Venezuela has sunk into turmoil under President Nicolas Maduro, with ongoing food shortages and daily protests amid an economic and political crisis.
In a statement, Foreign Affairs Minister Marise Payne said Australia would support Mr Guaido until elections were called.
Why Trump recognised Guaido
“Australia calls for a transition to democracy in Venezuela as soon as possible,” Senator Payne said.
We now urge all parties to work constructively towards a peaceful resolution of the situation, including a return to democracy, respect for the rule of law and upholding of human rights of the Venezuelan people.”
The struggle for control in Venezuela turned to the military, as supporters of Mr Guaido handed leaflets to soldiers detailing a proposed amnesty law that would protect them for helping overthrow Mr Maduro.
In a live broadcast, Mr Guaido urged Venezuelans to participate in two new mobilisations in the coming week.
He said that at midday on Wednesday, people should participate in peaceful two-hour protests.
For Saturday he asked supporters to hold mass demonstrations in “every corner of Venezuela” and around the globe.
Mr Guaido said the Saturday protest was timed to coincide with a European Union deadline for Mr Maduro to call new elections.
Earlier, Mr Maduro demonstrated his might, wearing tan fatigues at military exercises.
Addressing soldiers in an appearance on state TV, Mr Maduro asked whether they were plotting with the “imperialist” United States, which he accused of openly leading a coup against him.
“No, my commander-in-chief,” they shouted in unison.
Mr Maduro responded: “We’re ready to defend our homeland, under any circumstance.”
Military take centre stage
The duelling appeals from the two rivals again puts the military centre stage in the global debate over who holds a legitimate claim to power in the South American nation.

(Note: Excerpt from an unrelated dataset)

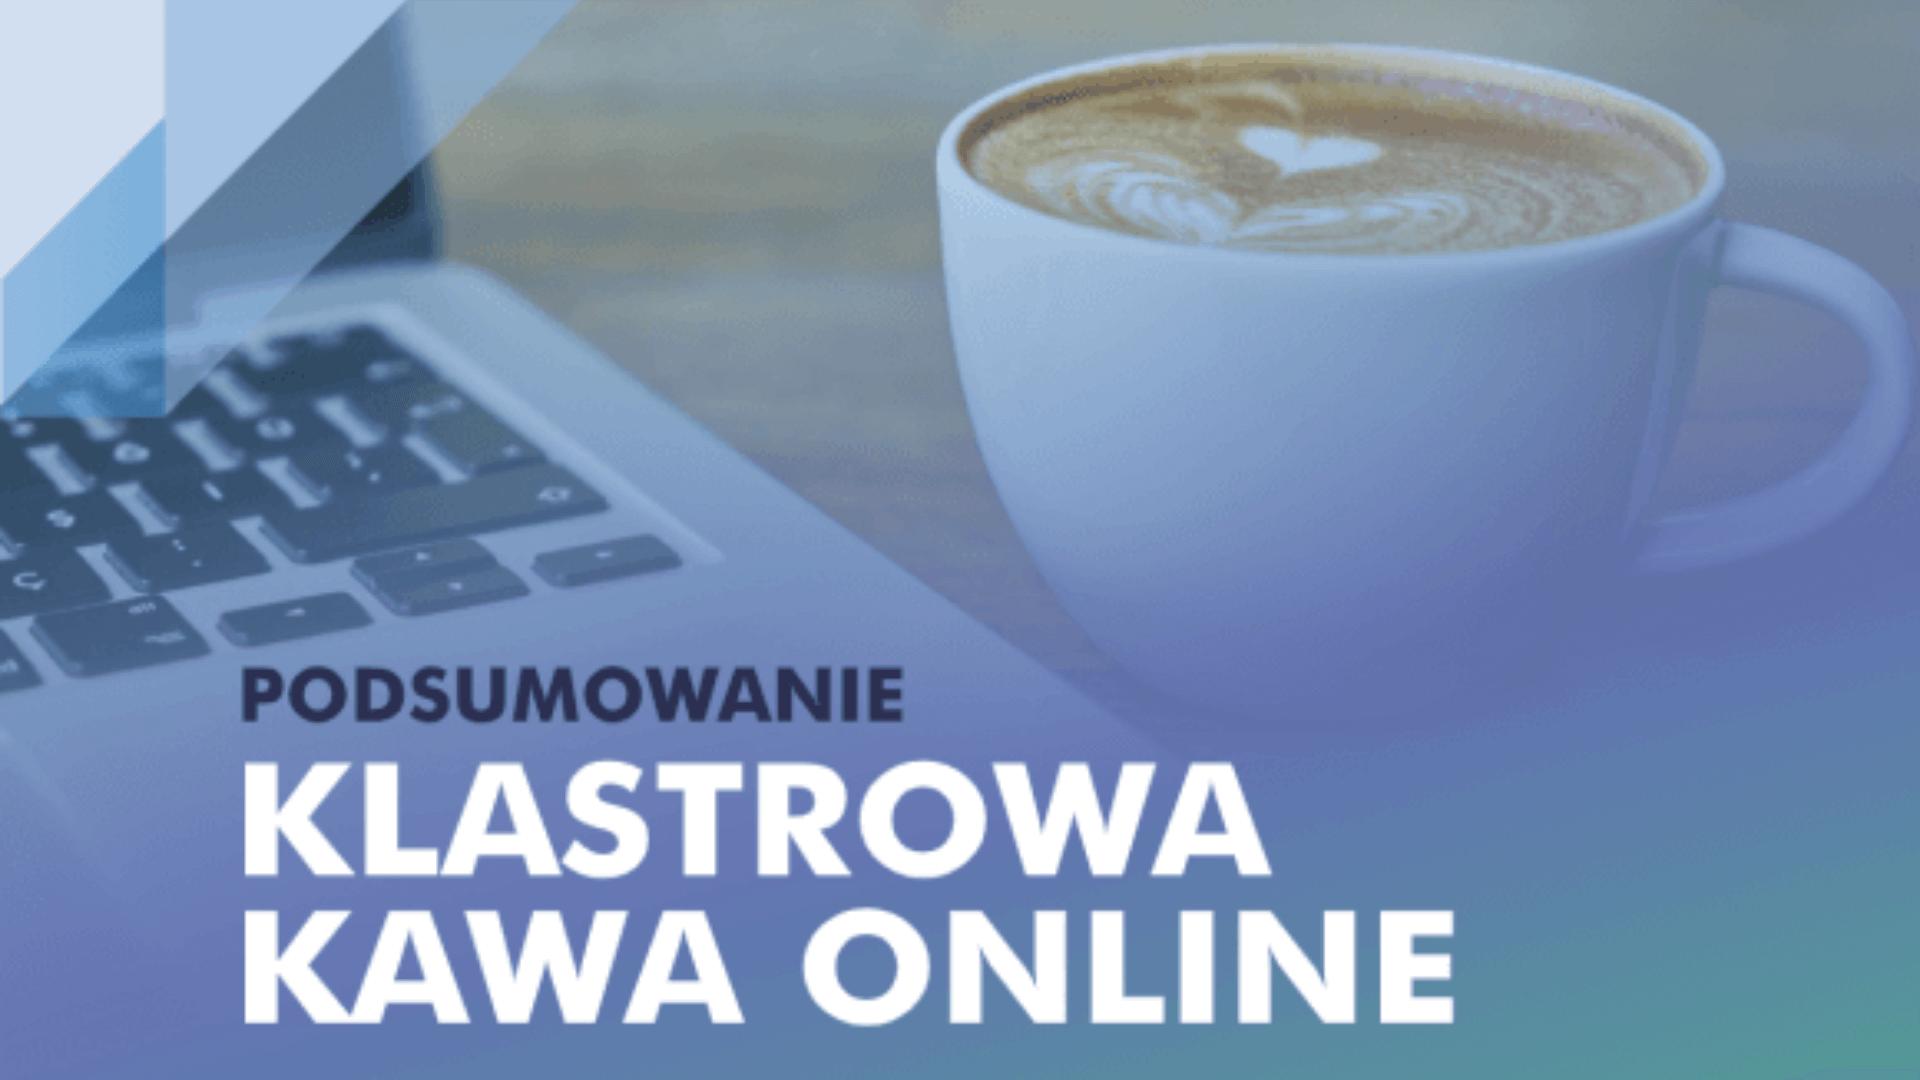 Klastrowa Kawa Online

The standoff has plunged troubled Venezuela into a new chapter of political turmoil that has already left more than two dozen dead as thousands took to the streets demanding Mr Maduro step down.
It erupted when Mr Guaido declared before masses of supporters last week that he had temporarily assumed presidential powers, vowing to hold free elections and end Mr Maduro’s dictatorship.
Mr Maduro had started his second term as Venezuela’s President on January 10, following a widely boycotted election last year, which many foreign governments described as a sham.
Venezuela’s constitution says if the presidency is determined to be vacant, new elections should be called in 30 days and the head of congress should assume the presidency in the meantime.
But Mr Maduro has so far refused to step down and has accused the Opposition of seeking to stage a coup.
The US has a long history of intervening – both directly and indirectly – to change governments in South America, and Mr Maduro warned his supporters they could not “trust the gringos”.
“They don’t have friends or loyalties. They only have interests, guts and the ambition to take Venezuela’s oil, gas and gold,” he said, citing a long list of US-backed military coups, including in Guatemala, Chile and Brazil.